▶ [DATASET EXTRACT]:
"""

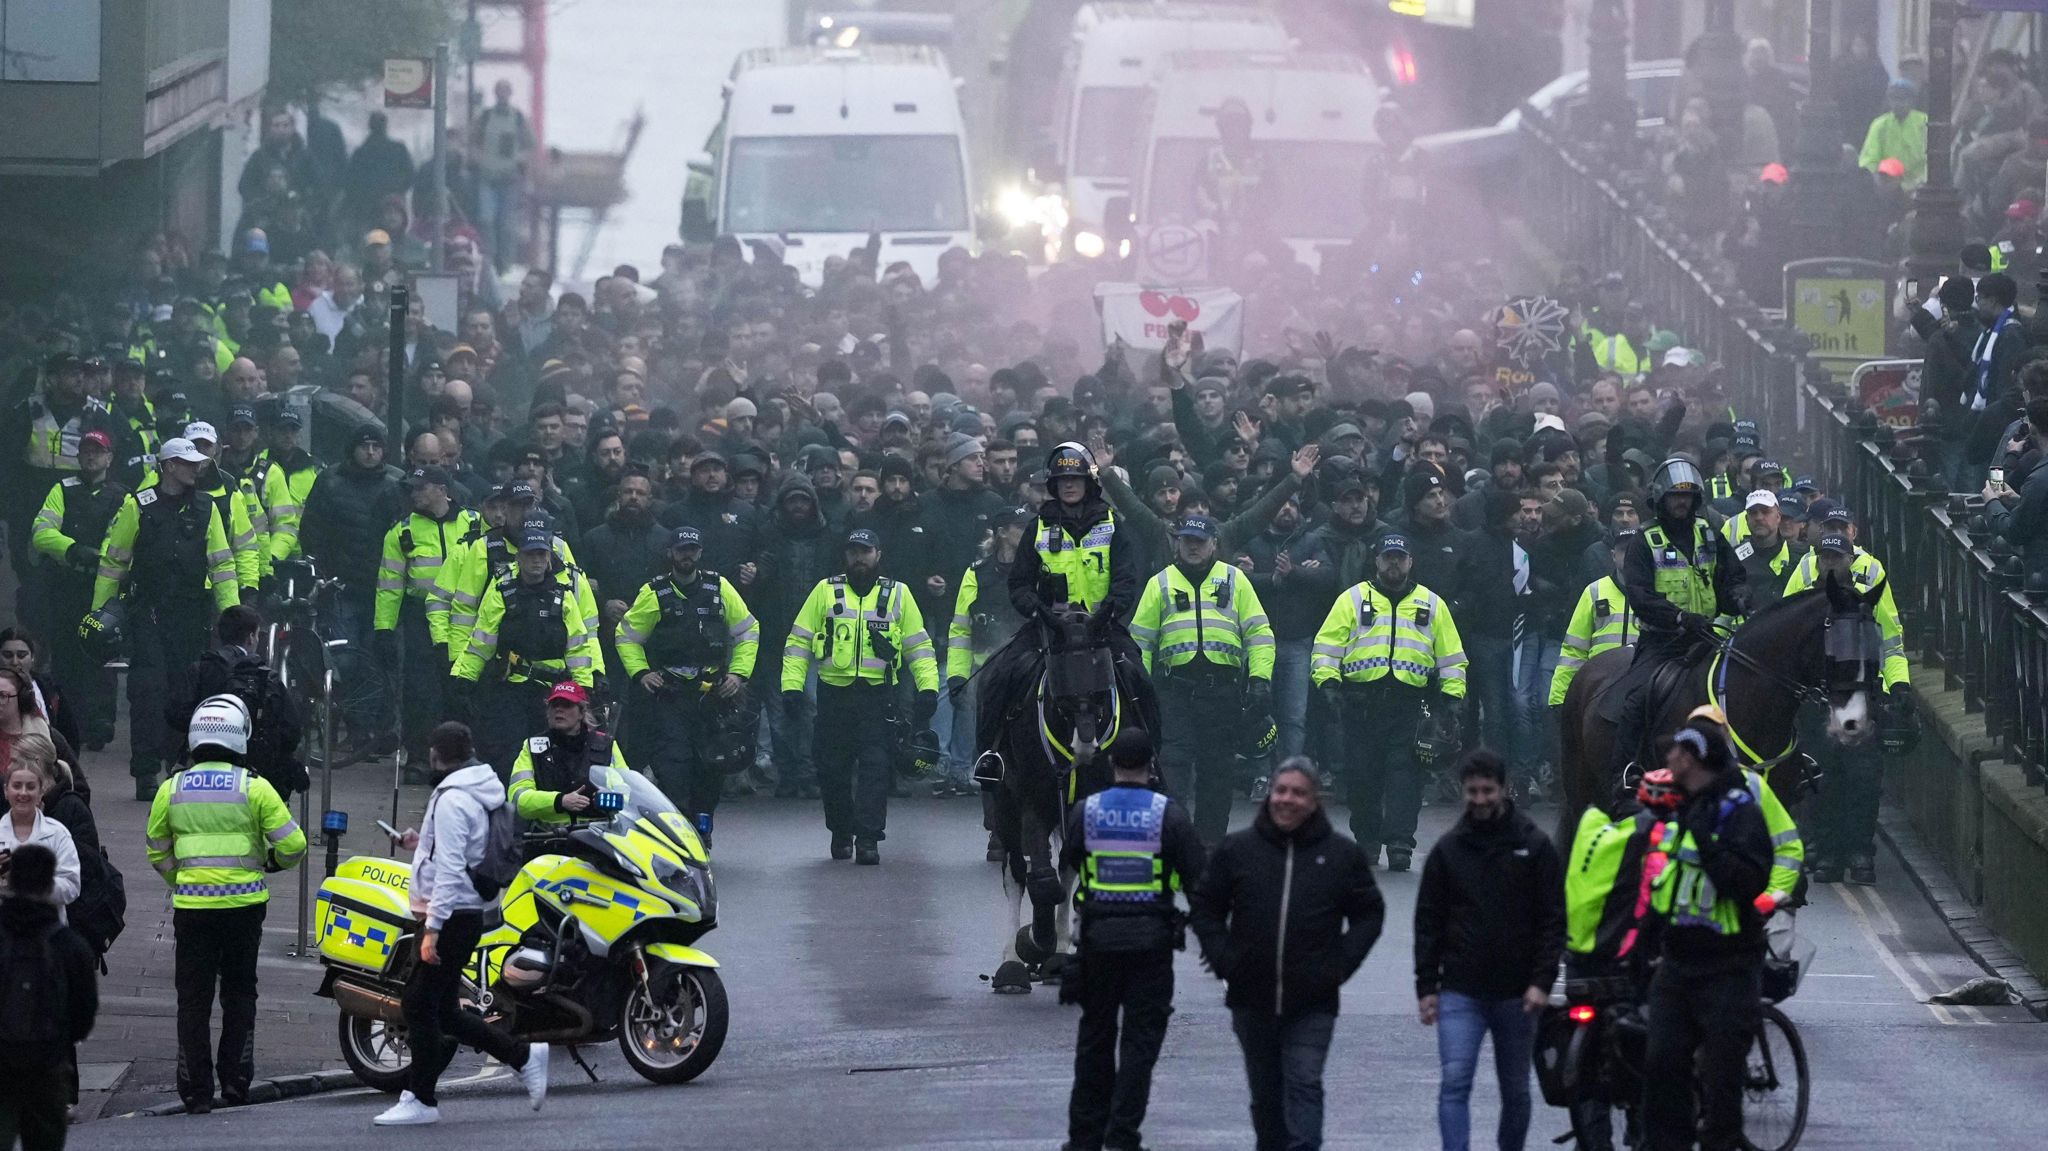 Roma supporters being escorted to the match in Brighton
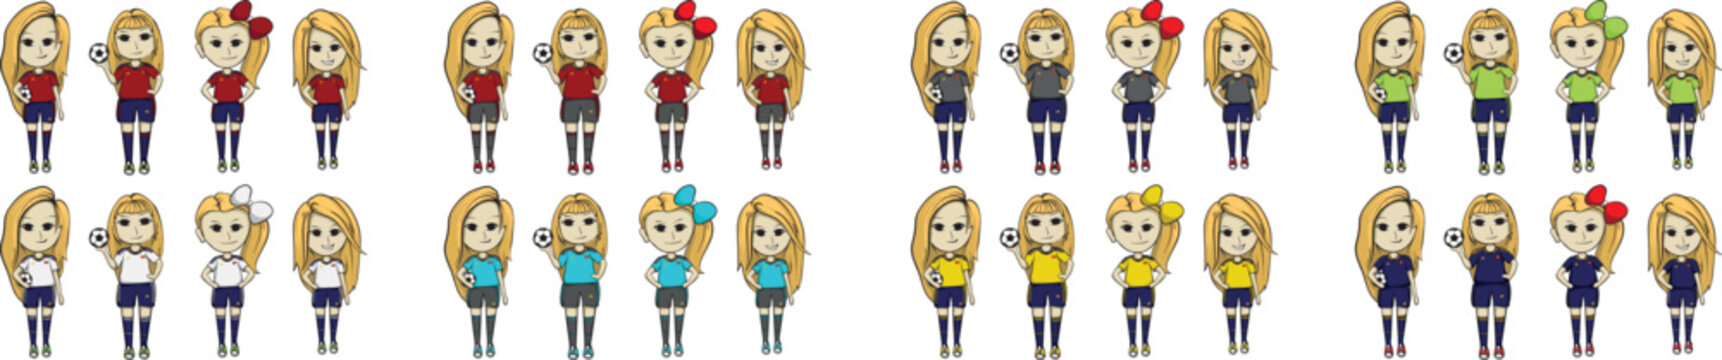 Vector female character wearing a cute soccer jersey with many variations of characters, usually used for decorative elements
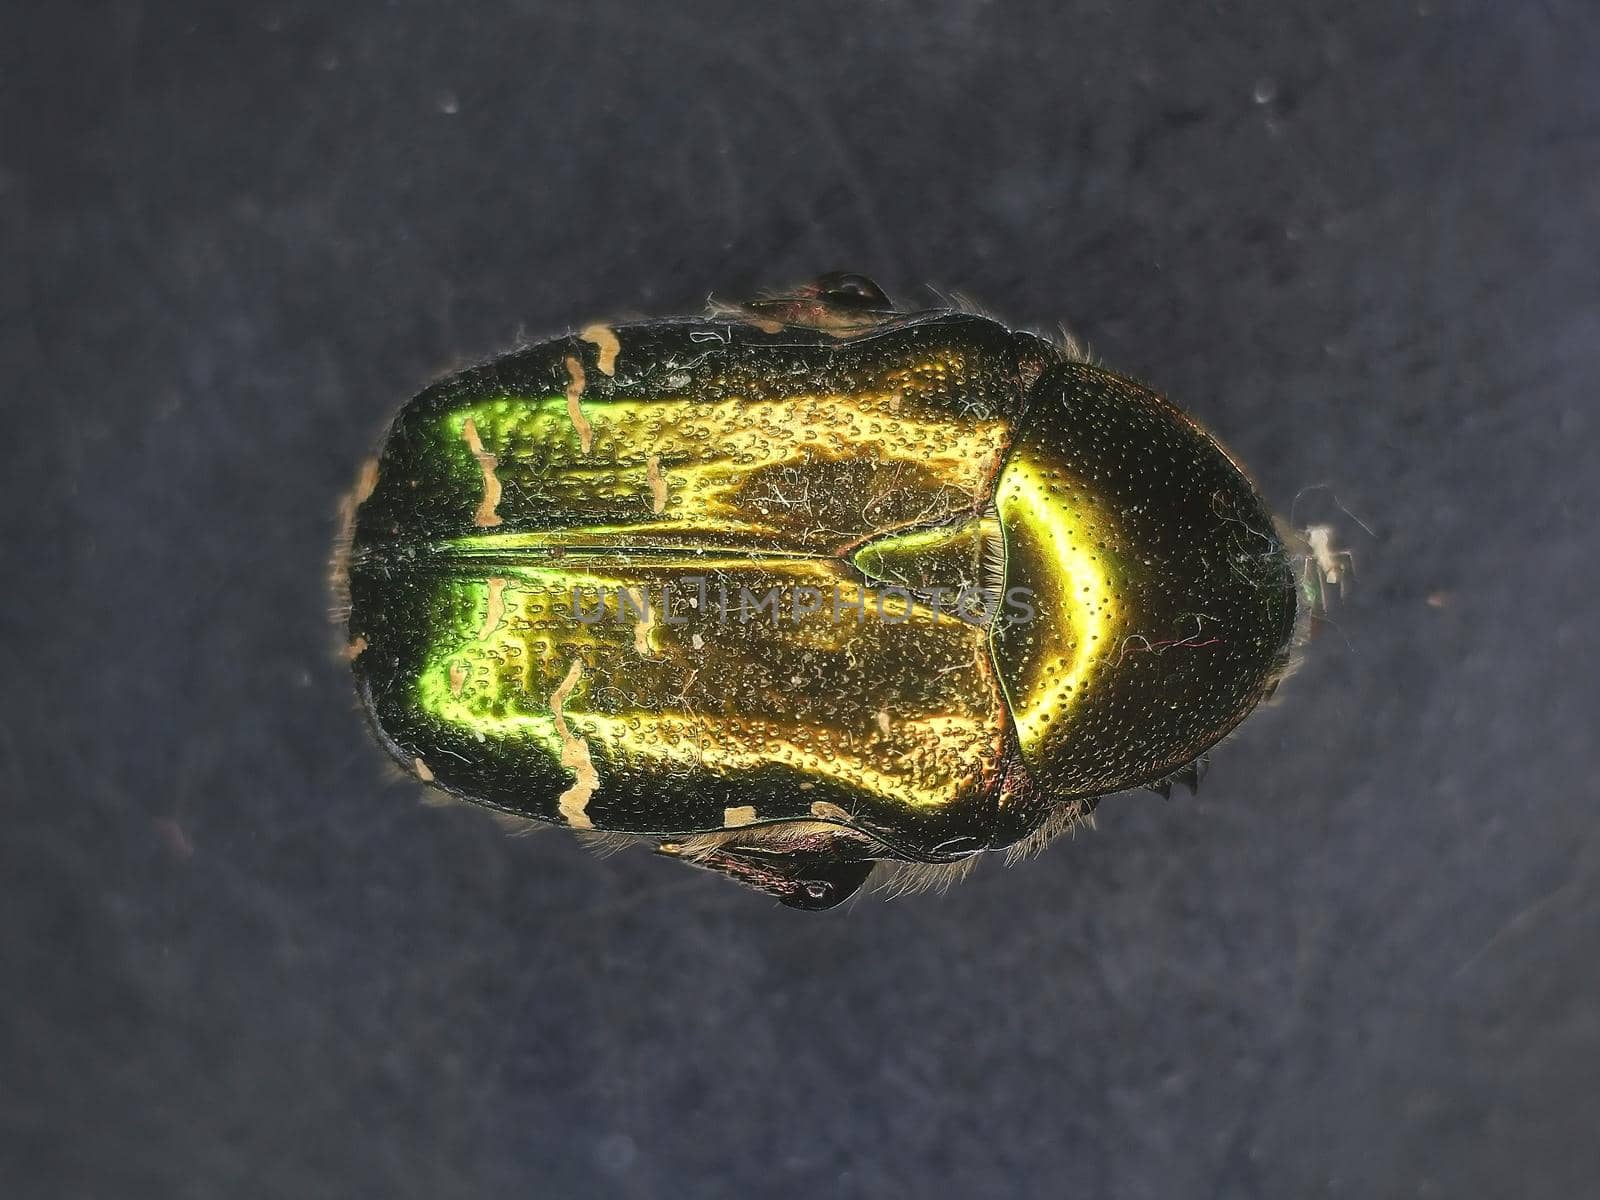 Flower chafer under a microscope

"""

▶ [PROBLEM TO WORK ON]:
Each line above is to be transcribed exactly, though its pictures are not.

▶ [RESPONSE AREA]:
 Roma supporters being escorted to the match in Brighton
 Vector female character wearing a cute soccer jersey with many variations of characters, usually used for decorative elements
 Flower chafer under a microscope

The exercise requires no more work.